# A Haunter's A-B-Cs



## TheOneAndOnlyKelly (May 7, 2009)

*A* is for *Axis*
My skull should have three
*B* is for *Boris*
Whom I want talking at me

*C* is for *Curby's*
Their inventory we have constantly checked
*D* is for my *Dremel*
Great, another motor that I wrecked

*E* is for *Expanding*
The sticky foam we use to shape and fill
*F* is for *Fog*
To hang low, our devices will chill

*G* is for *Gravestone*
Made up of foam board and gray paint
*H* is for *Halloween*
That deadline is our only confining restraint

*I* is for *Ice*
Dry to make a thick fog to sustain
*J* is for *Jell-O*
Used to make another disgusting brain

*K* is for those *Kids*
Demanding we give up our candy
*L* is for *LED*
We find the lights are quite handy

*M* is for *Mausoleum*
Built to house ghosts of the flying crank kind
*N* is for *Night*
You know the one, I shouldn't have to remind

*O* is for *Orange*
A theme color that's used traditionally
*P* is for *Paper-mâché*
You know you need this unconditionally

*Q* is for *Quality*
The attribute we both strive and treasure
*R* is for some *Rest*
Until November, we'll not have in any measure

*S* is for *Styrofoam*
Making things to appear to have great strength
*T* is for *Tape*
The need for which cannot be measured in length

*U* is for *UFO*
An alien theme some find exotic
*V* is for the *Vortex*
The spinning can be unsettling and hypnotic

*W* is for the *Witch*
"Fire burn and cauldron bubble"
*X* is for the *XActo™*
Knives that cut without much trouble

*Y* is for *Yell*
Then watch the TOTs shriek and run
*Z* is for *Zombies*
What we are to our holiday, when all is said and done


----------



## TheOneAndOnlyKelly (May 7, 2009)

I have this on my blog and thought it would be cool here too!

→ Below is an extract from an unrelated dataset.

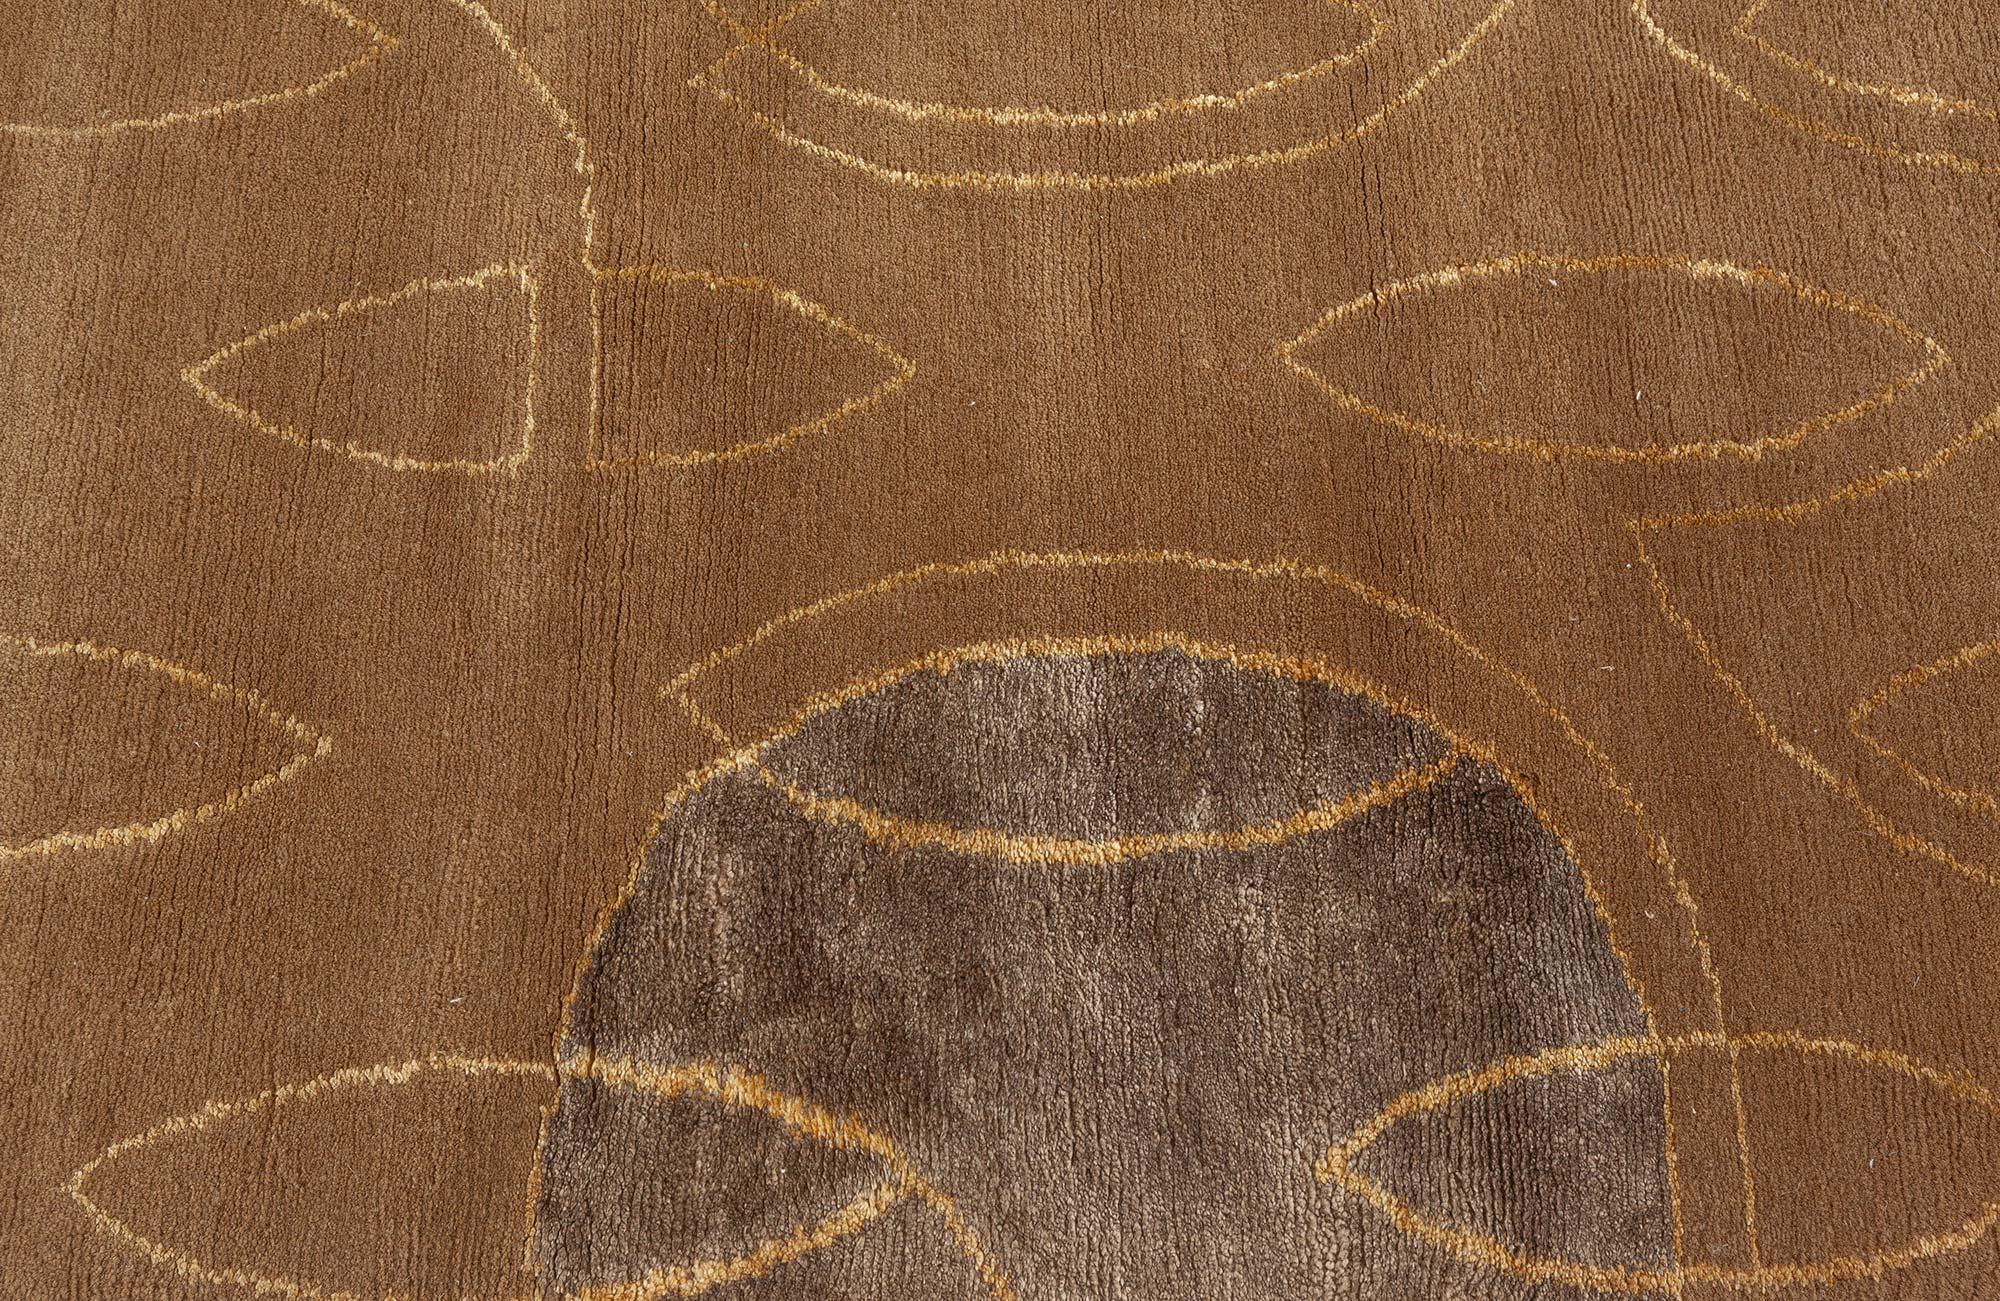 Wool Art Deco Inspired Tibetan Rug in Brown and Beige by Doris Leslie Blau For Sale

http://grimrecesses.blogspot.com/2010/08/haunters-b-cs.html

If anyone else can come up with some better rhymes (Lord knows I'm no poet) feel free to post them here. I have thick skin...


----------



## fick209 (Aug 31, 2009)

I think it's great, thanks for sharing


----------



## Just Whisper (Jan 19, 2009)

Very well done.


----------



## spinachetr (Nov 9, 2009)

Bravo!


----------



## Wildcat (Nov 3, 2007)

Very nice.


----------



## nixie (Sep 17, 2008)

Very clever! Your wit has given me a happy end to a stressful day! Thank you!


----------



## lisa48317 (Aug 18, 2010)

Great job! I like it!


----------



## kprimm (Mar 14, 2009)

Bravo! very cool poem and so true.


----------



## Howlinmadjack (Jul 20, 2009)

Brings Halloween just that much closer...wait, I can't handle closer, I have soooo much to do....


----------